Caribbean Citizenship-by-Investment is about $100-250k but can include spouse/children.

Various permanent residency on the path to citizenships are also relatively expensive (thousands of dollars, some paperwork); if you move there and establish presence, you go through the naturalization process, in some cases fast-tracked.

Spain has some great programs if you're from a Spanish colonial country (including Puerto Rico, apparently...); the citizenship process gets fast-tracked.

Netherlands has a special deal dating from WW2 for US citizens to get fast-tracked to NL.

Turkey has a really cheap (in fees) program -- $5k or so on top of buying real estate at market prices. I personally am not super excited about owning $400k in Turkish real estate, but it has been a good investment in even USD terms (2-3x) over the past few years, from friends who did it. The program used to be $250K buy-in; now it's $400K and potentially moving up.

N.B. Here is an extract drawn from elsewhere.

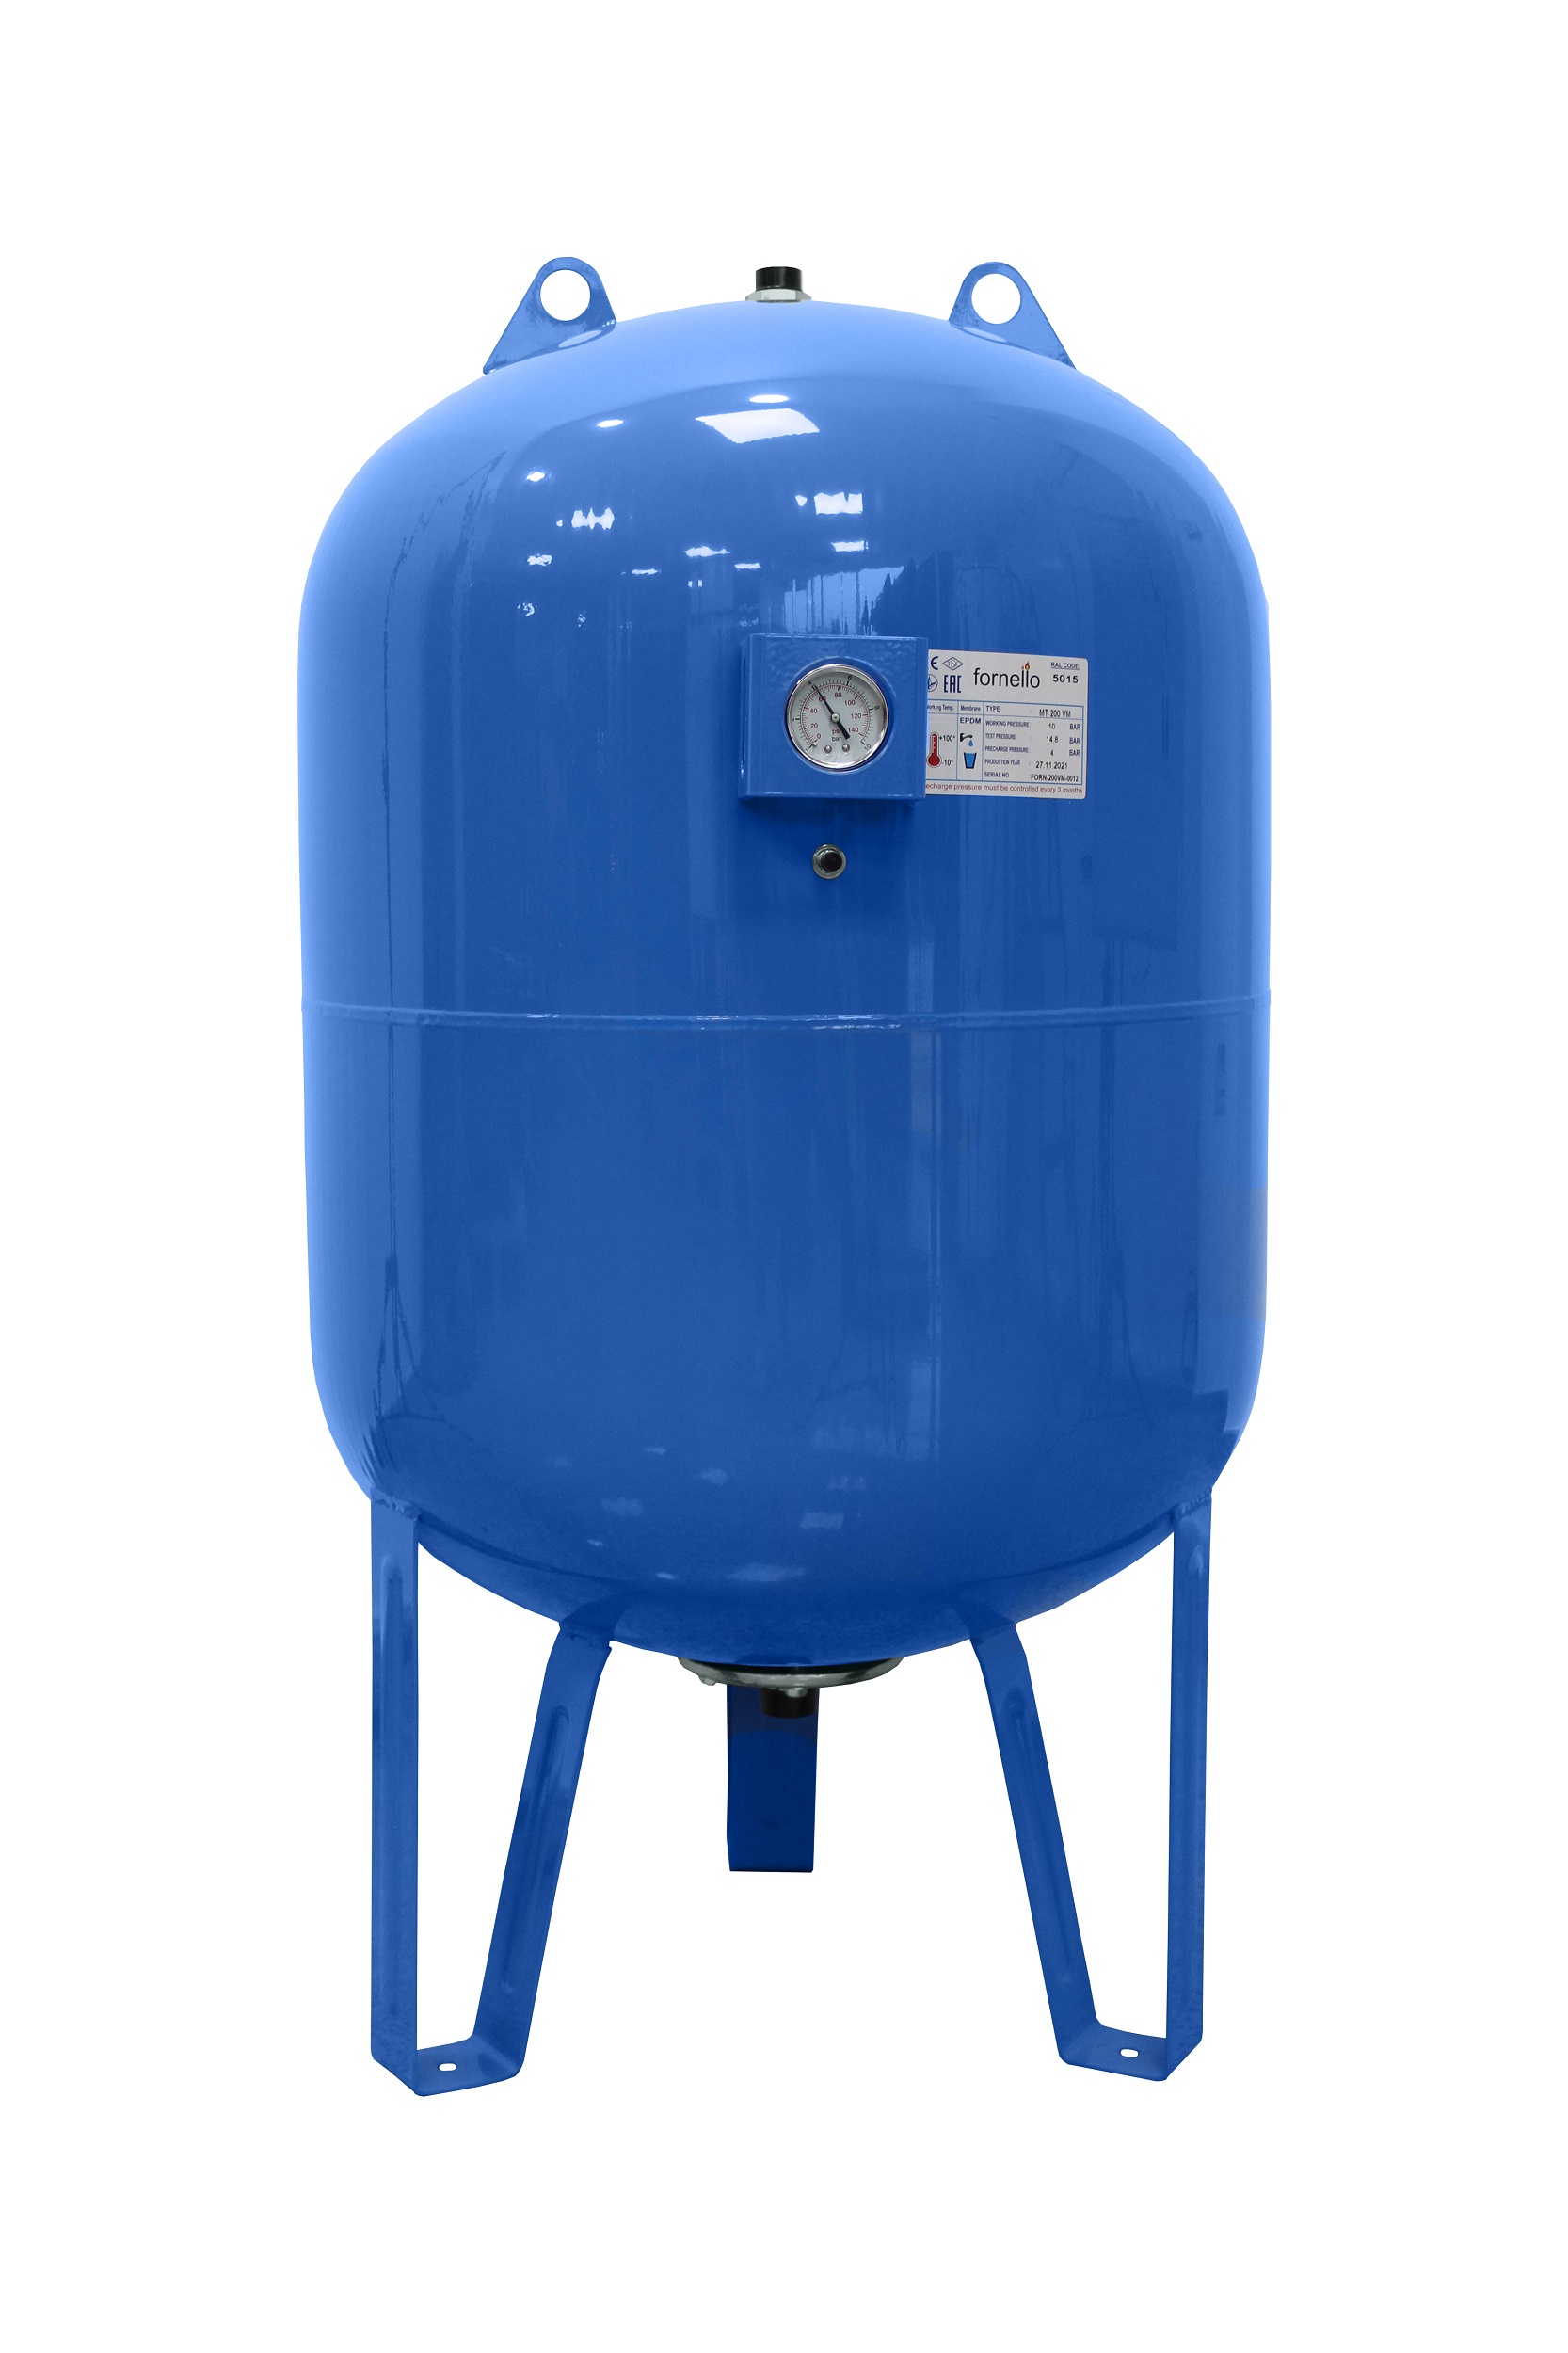 Vas expansiune pentru hidrofor Fornello 200 litri, vertical, cu picioare si manometru, culoare albastru, presiune maxima 10 bar, membrana EPDM 200 imagine noua

> citing risk of instability

The election is coming up in ~200 days

Depending on who you ask, this is either a huge deal, or not that big of a deal at all

What's the truth? Somewhere in between?

What's actually unstable about the country? It depends on who you ask, right? Monetary debasement? Economic inequality? Political polarization? Immigration challenges? National debt?

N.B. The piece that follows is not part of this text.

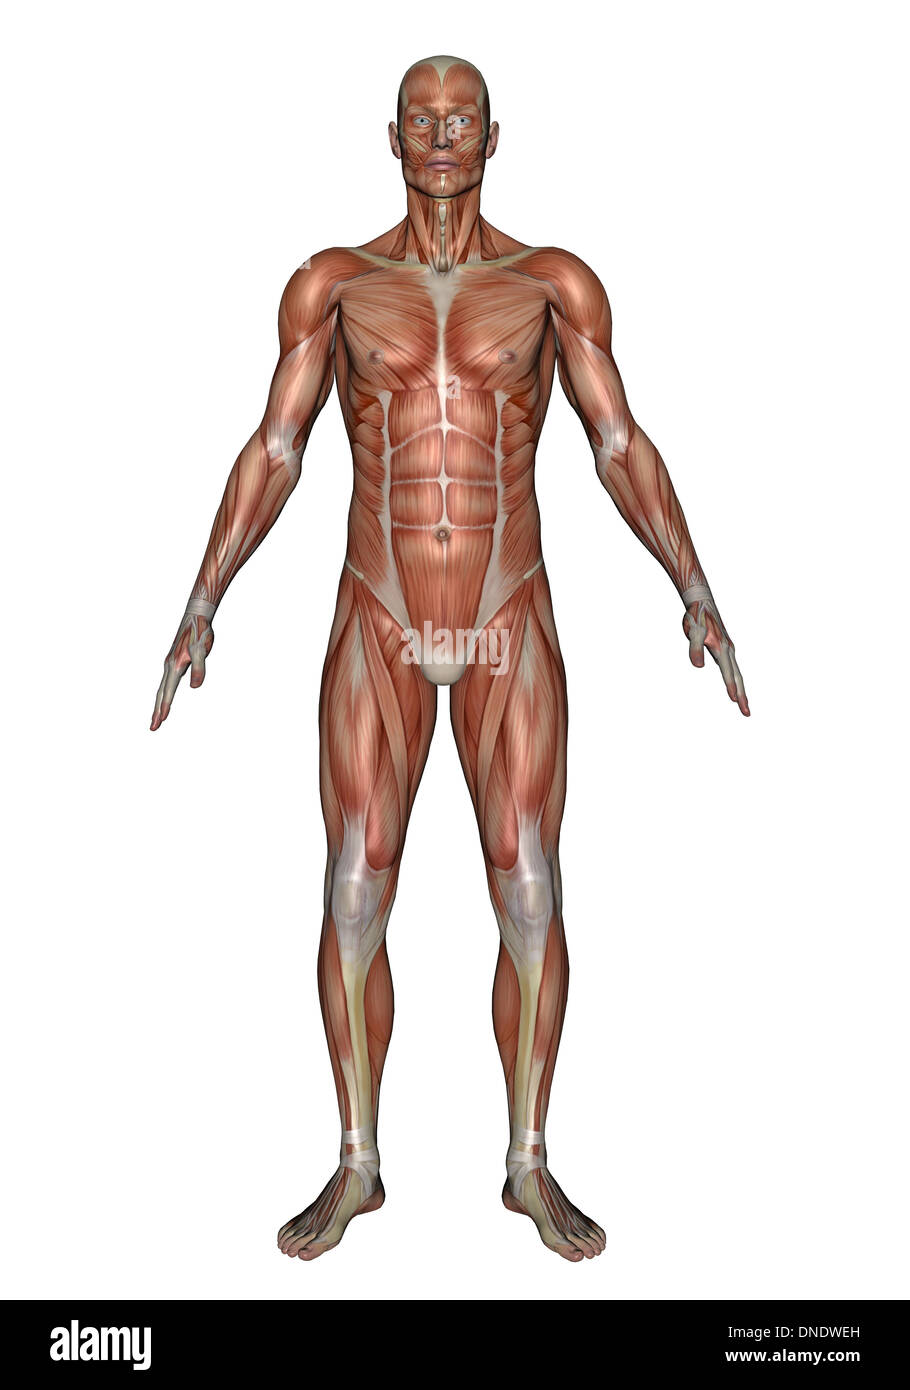 Anatomie des männlichen Muskulatur, Vorderansicht. Stockfoto

It's near harvest time for all those wonderful policies that they helped to sow, and now they're trying to escape the consequences of the reaping. How typical.
So much doom and gloom... I'll bet most Americans here who think that the US is on the "brink" of whatever man-made economic or cultural disaster you can think of have never lived elsewhere. Things are still remarkably stable here compared with pretty much everywhere else.

The US will always be a kind of a mess given our relatively (to other large countries) decentralized government and the enormous cultural diversity, but I believe this is what gives us resiliency in the long run.

This is a variation on "If X is elected I'm moving to Canada!"

I just don't see it happening to any degree.

No, it is a "I am thrilled to vote for X but I no longer have confidence that the country will survive it, so I'm preparing my backup plan." That's a very different thing.